Today we're just going to talk about hair dryer diffusers. We'll look at the best and the worst. There are really only 3 basic kinds and the brands are totally unimportant, do not fall for that crap. All you need is the right style for your hair. And please note... if drying your hair with a diffuser creates frizziness or an afro, you're probably either using the wrong kind of diffuser, using the right diffuser incorrectly, or have the wrong style cut for your type of curls.
Finger picks are meant to be used IN the hair -- you don't just hold the dryer a few inches away and expect something magickal to happen. You want to gently weave them into your hair until they touch your scalp and lift your locks as they dry. Obviously, you shouldn't be holding it in one place long enough to have it get too hot against your skin, or start to damage your hair. On a medium heat setting about 20 seconds in each section will probably be sufficient. It's a lot longer than it sounds.

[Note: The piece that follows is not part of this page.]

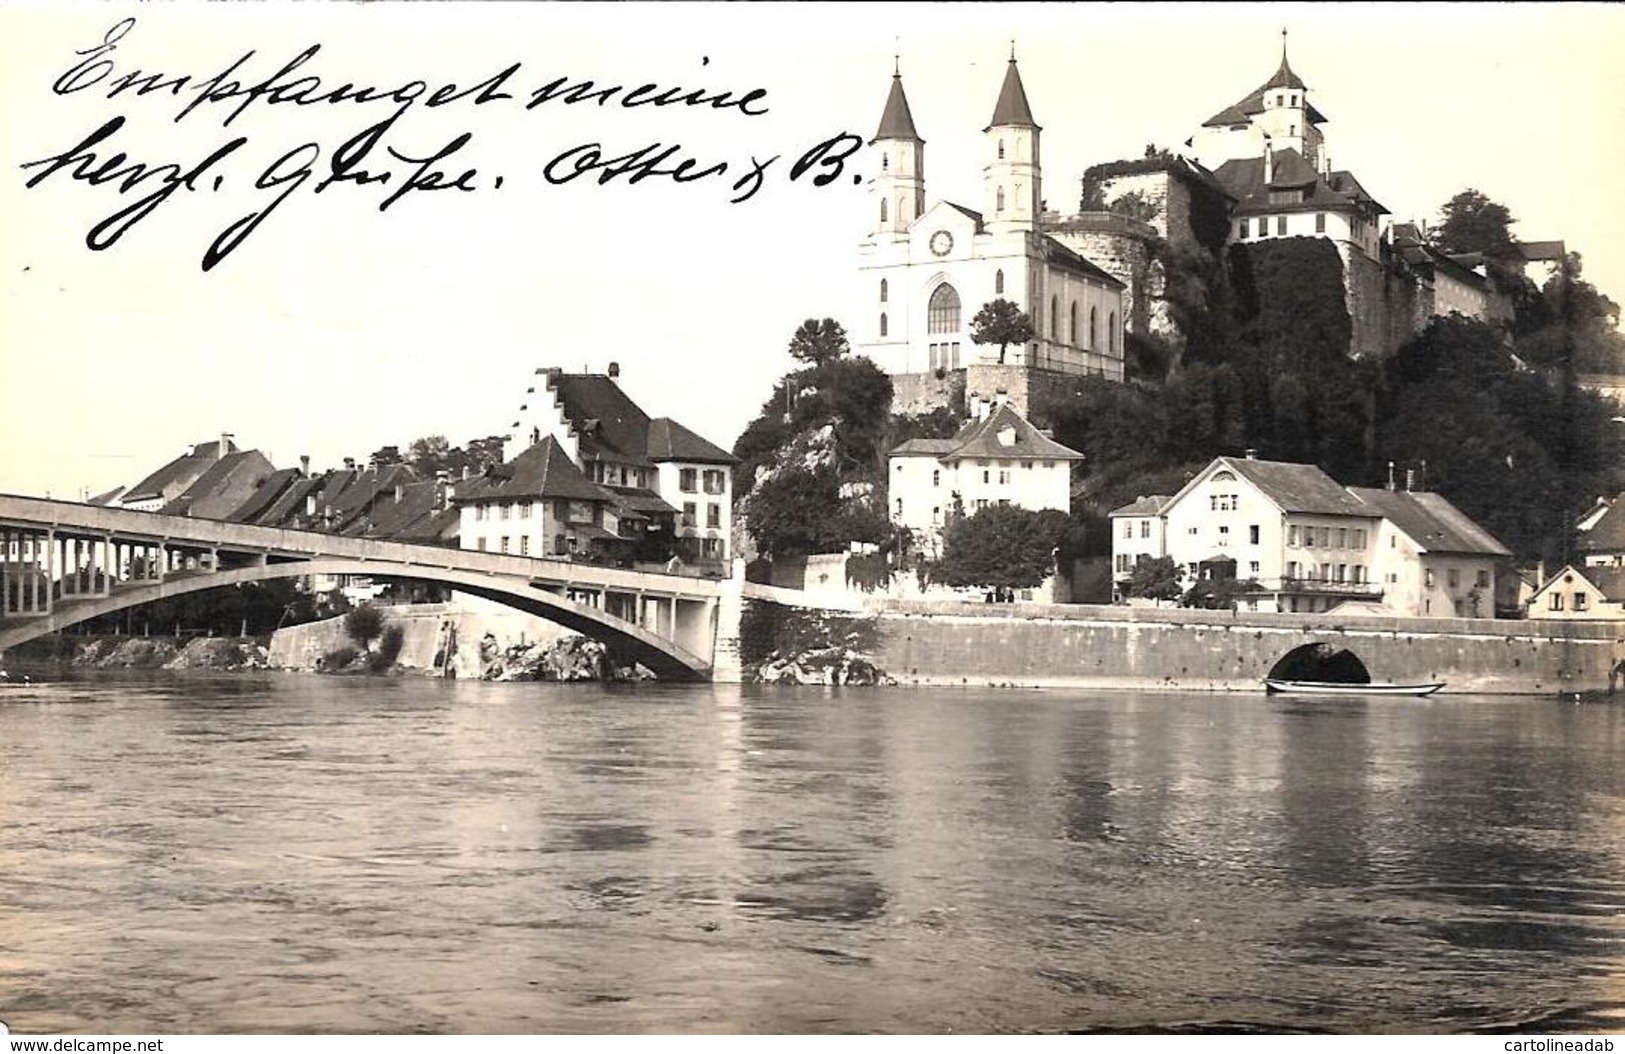 [DC12292] CPA - SVIZZERA - OLTEN - Viaggiata 1923 - Old Postcard - Olten

Not all finger pick diffusers are made like this one, as you can see in the pic below. You want the picks spread out so you don't create unecessary frizz each time you slide them in and out of your hair. The closer together they are, the more difficult it is to dry without mussing your curls up to some degree. Also, if you have long hair, or just a lot in general, the wider the better, as it dries a larger surface area at a time. You want picks that stick out far from the base -- the longer they are, the more lift you'll be able to create.
Cost: About 10- 20 bucks.
Meh, It's Adequate
These are kind of a pain in the backside because you really can't get much lift out of these with all the prongs so close together. Also, the area it spans is smaller. You can't dry big sections at a time with this one, which is what you want to do to prevent things getting frizzy. The more you have to go over and over your curls, the more frizzy they will become.
Cost: About 20 bucks.
These are completely useless unless you have curls that look like Shirley Temples no matter what you do to them. Using one of these is, essentially, the same as sticking your head under one of those bubble dryers. That's just air drying, as far as I'm concerned -- you will not get any lift whatsoever with this thing.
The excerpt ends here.